Number six of the 2023 finalists is a group from Harvard College, who utilized the “Perlmutter” mixture computer processor GPU framework at Lawerence Berkeley Public Research center to reproduce the nuclear design of a HIV infection capsid up to 44 million molecules and a few nanoseconds of reproduction. Strong scaling was pushed to 100 million atoms by them.

This year, the ACM is likewise introducing its most memorable Gordon Ringer Prize for Environment displaying, and as we said we trusted would happen when in April of this current year we covered the Shout variation of the Energy Exascale Earth Framework Model, otherwise called E3SM, created and reached out by Sandia Public Labs, this drawn out goal weather conditions model is up for an award.

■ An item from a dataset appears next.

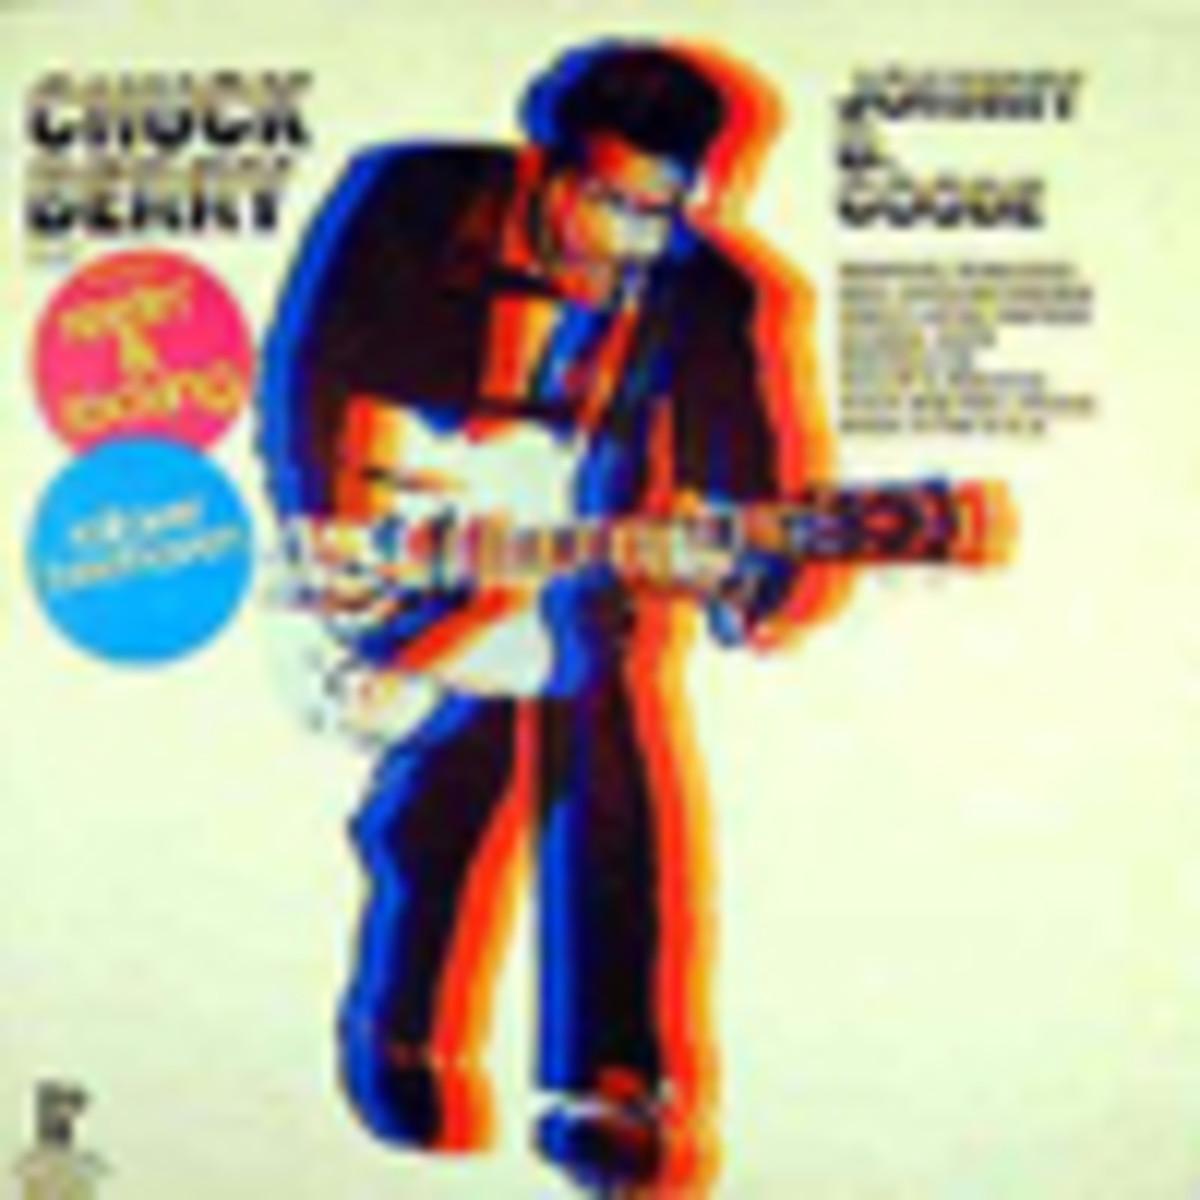 Chuck Berry Johnny B. Goode album

Shout is fascinating is that is begun without any preparation for parts of the code, utilizing C++ and the Kokkos library to distribute out to central processors and GPUs in frameworks, and for this situation it was run on the Boondocks machine at Oak Edge, recreating 1.26 years of the day for a functional cloud-settling reproduction.

The Sunway Oceanlite framework is a finalist here, as well, yet this one mimicked the impacts of the submerged volcanic ejection off of Tonga in late 2021 and mid 2022, including shock waves, tremors, torrents, and water and debris dispersal. The blend of reenactments and models had the option to recreate 400 billon particles and stumbled into 39 million centers in the Oceanlite framework with 80% computational effectiveness. ( We need to see the paper on this one.)

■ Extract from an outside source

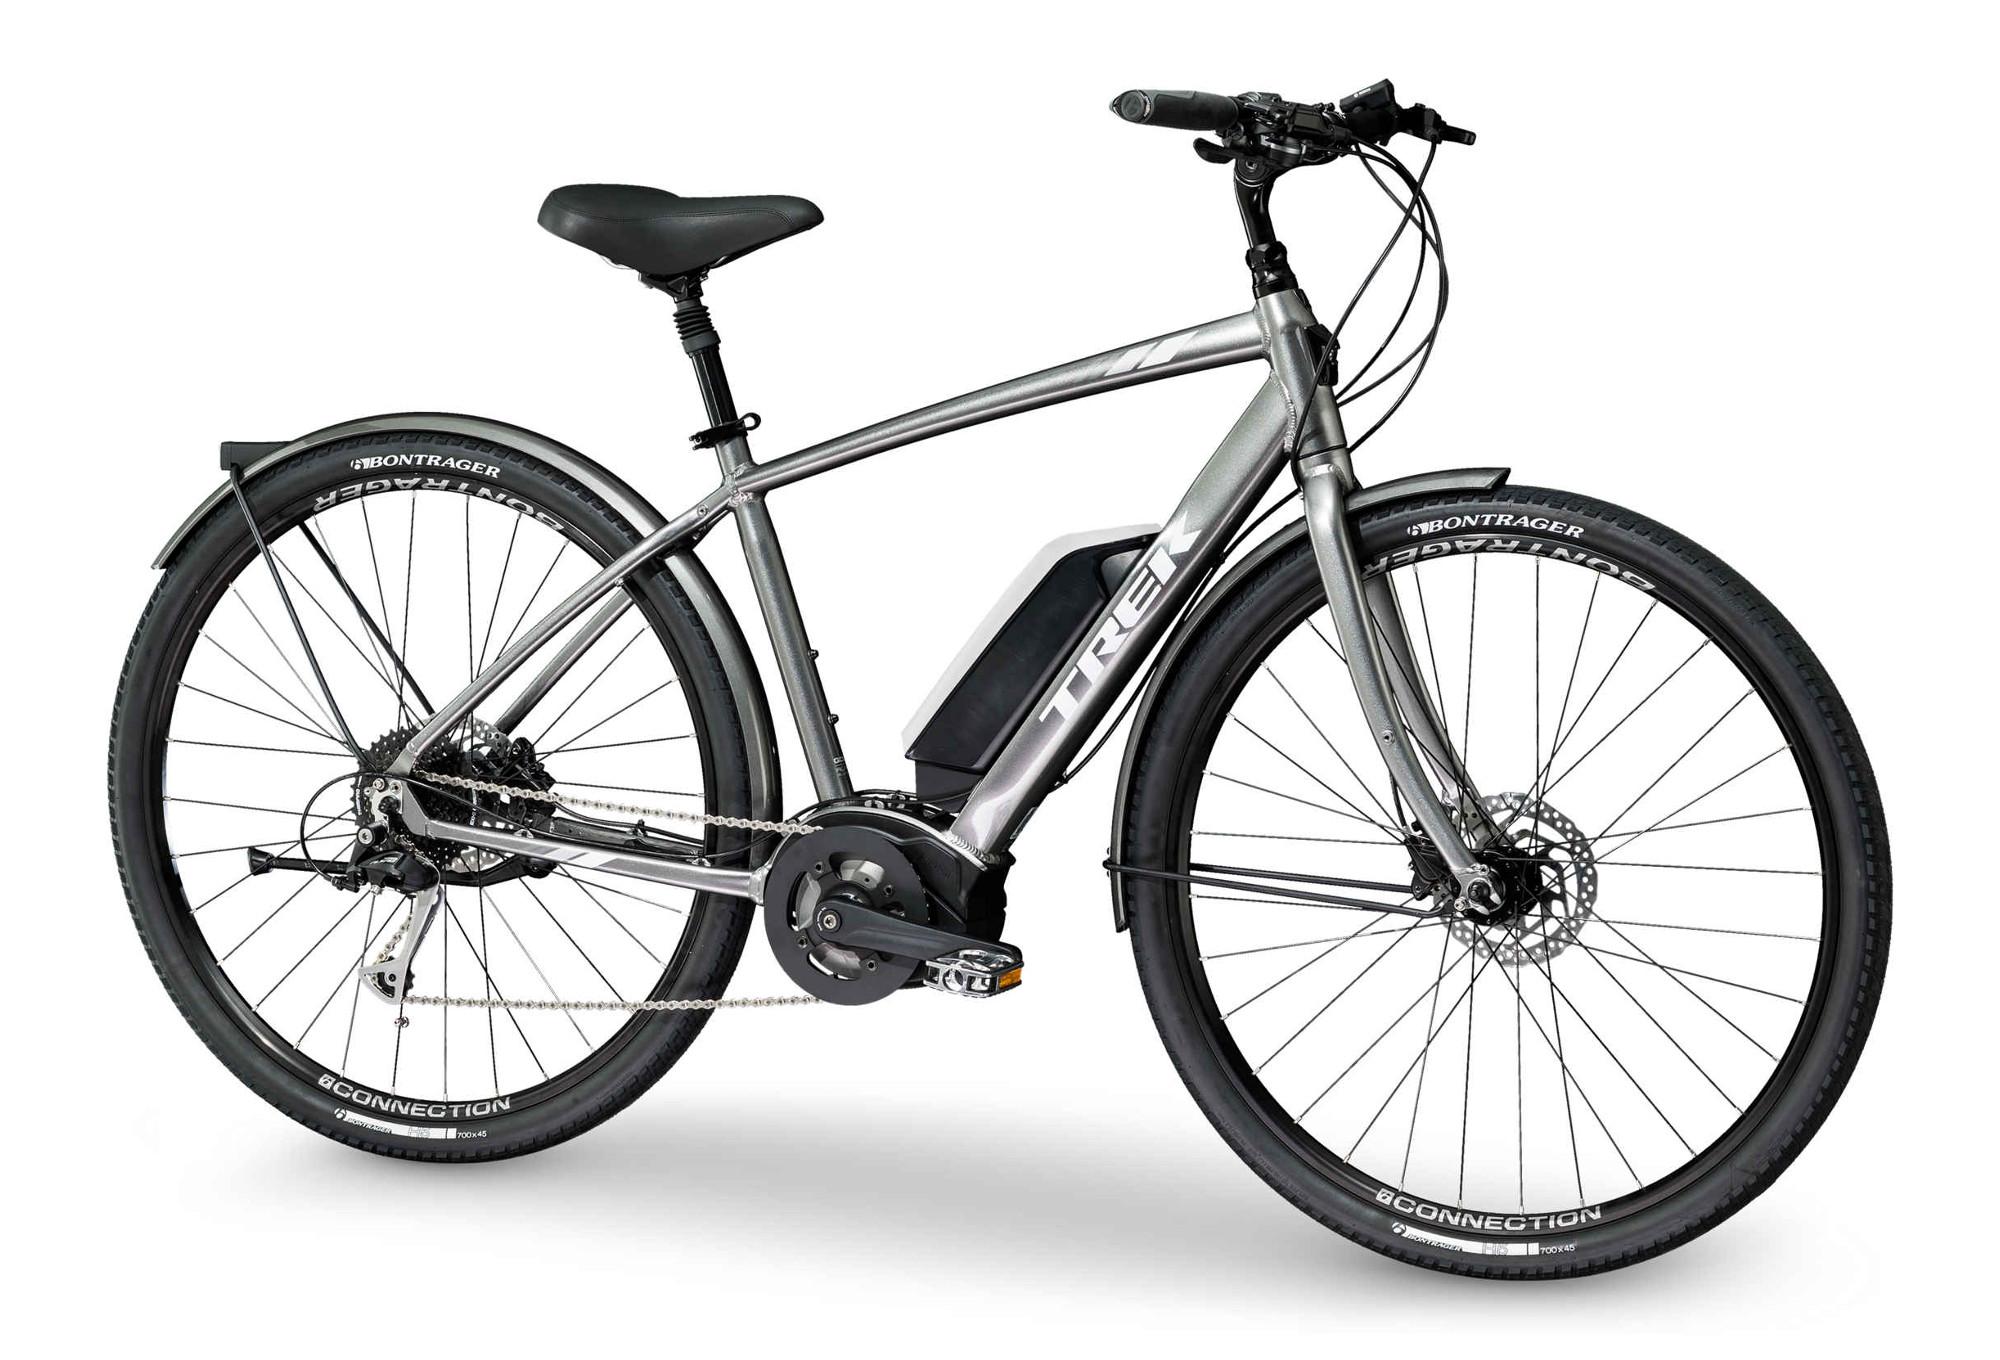 trek verve hybrid urban bike shimano alivio 9s grey 2019. Black Bedroom Furniture Sets. Home Design Ideas

The third Gordon Ringer environment demonstrating finalist is a group of scientists in Japan who got their hands on 11,580 hubs in the “Fugaku” supercomputer at RIKEN lab – around 7% of the complete hubs in the machine – and did a 1,000 outfit, 500-meter goal weather conditions model with 30 second revive for the 2021 Tokyo Olympics. This was a genuine use case, and more than 75,248 weather conditions gauges disseminated north of a multi day time frame and every brief conjecture was finished in less than three minutes.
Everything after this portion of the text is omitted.